Deux soeurs. L'une, la narratrice, vit heureuse et épanouie dans l'agitation de Paris mais elle appréhende les dimanches ennuyeux et guindés chez sa soeur. L'autre, Claire Marie, s'efface pour sa famille, traditionnelle et sans surprises, en banlieue, à Ville-d'Avray, et elle déteste les dimanches chez sa soeur dont les amis sont trop expansifs pour elle.

Ce dimanche d'automne n'a rien de différent des autres dimanches. Profitant de l'absence de son compagnon, la narratrice décide de rendre visite à sa soeur. Est-ce le fait de se retrouver seules, toutes les deux, quelques instants dans l'après-midi, ou est-ce la lenteur morose d'une journée déprimante qui ravive en elles des souvenirs communs ? Leur enfance dans les années 1960, l'éducation qu'elles ont reçue, leurs jeux, leurs rêves, leurs passions pour des héros de télévision, Thierry la Fronde d'abord, puis Rochester, personnage du roman de Charlotte Brontë, "Jane Eyre", interprété au cinéma par le troublant Orson Welles.
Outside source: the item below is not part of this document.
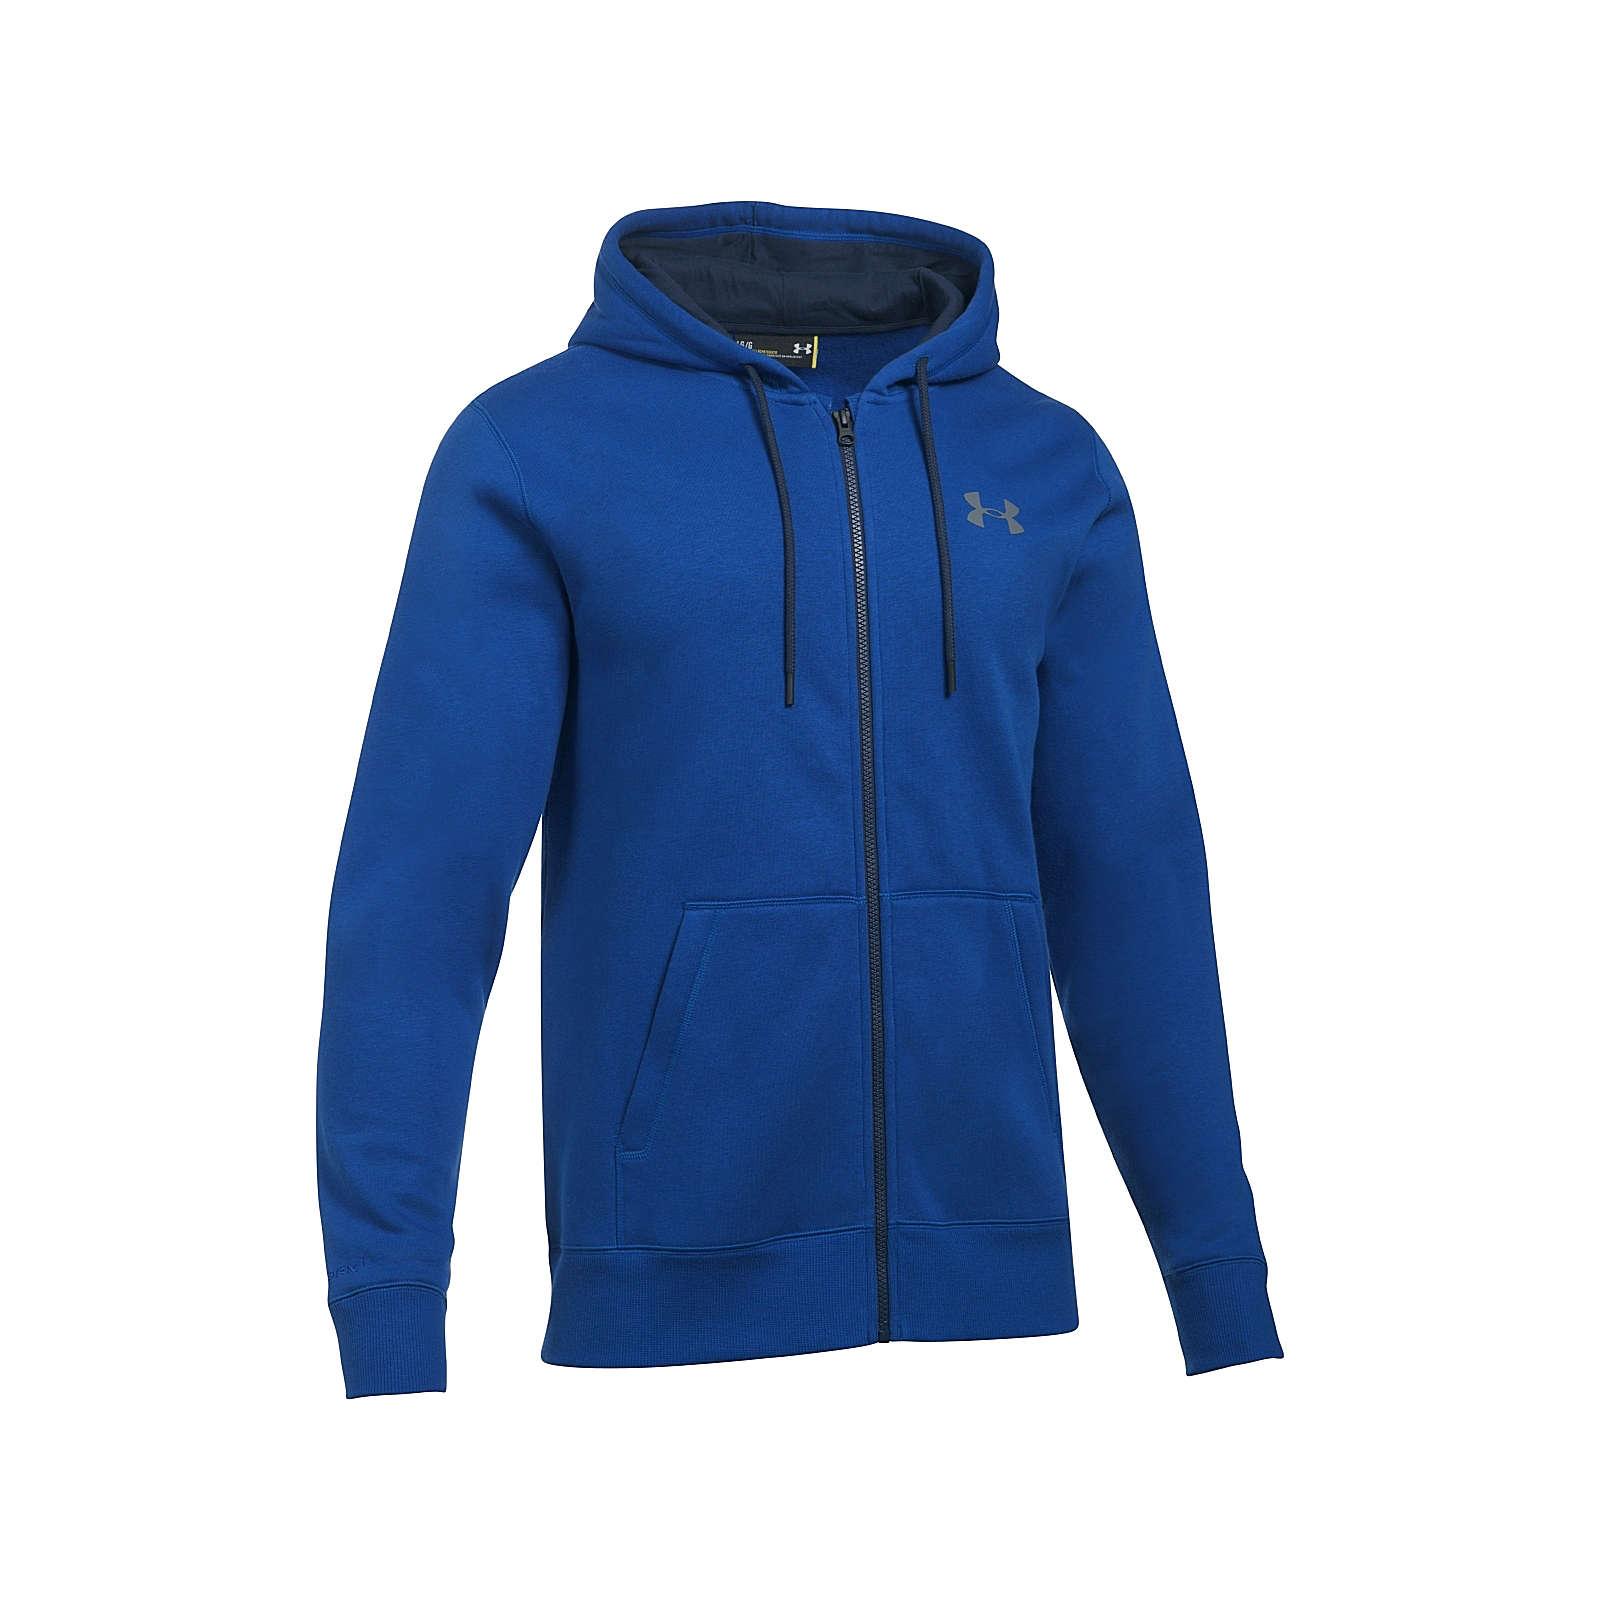 Under Armour Hoodie Storm Rival Cotton Full ZipSweatshirts blau Herren Gr. 46

Ce dimanche d'automne, comme tout autre dimanche, écrasant d'ennui, de nostalgie, de tristesse, devient, au détour d'une confidence inattendue lâchée presque par hasard, un dimanche particulier...

Mon avis :
On se reconnaîtra tous un peu dans la description de ces dimanches pesants, étranges, hors du temps, où tout peut arriver, où tout peut être dit, puis s'évanouir comme n'avoir jamais existé, comme ces petites scènes théâtrales inventées par les enfants. Ce livre est un bruissement de pas dans les feuilles mortes. Ce livre est le clapotis d'une pluie continue sur la surface d'un étang. Ce livre est un murmure, on tend l'oreille, on veut tout entendre, parce que c'est beau, romanesque, poétique, et profondément intime.

"La passion suspendue" - Marguerite Duras - Entretiens avec Leopoldina Pallotta della Torre (Points)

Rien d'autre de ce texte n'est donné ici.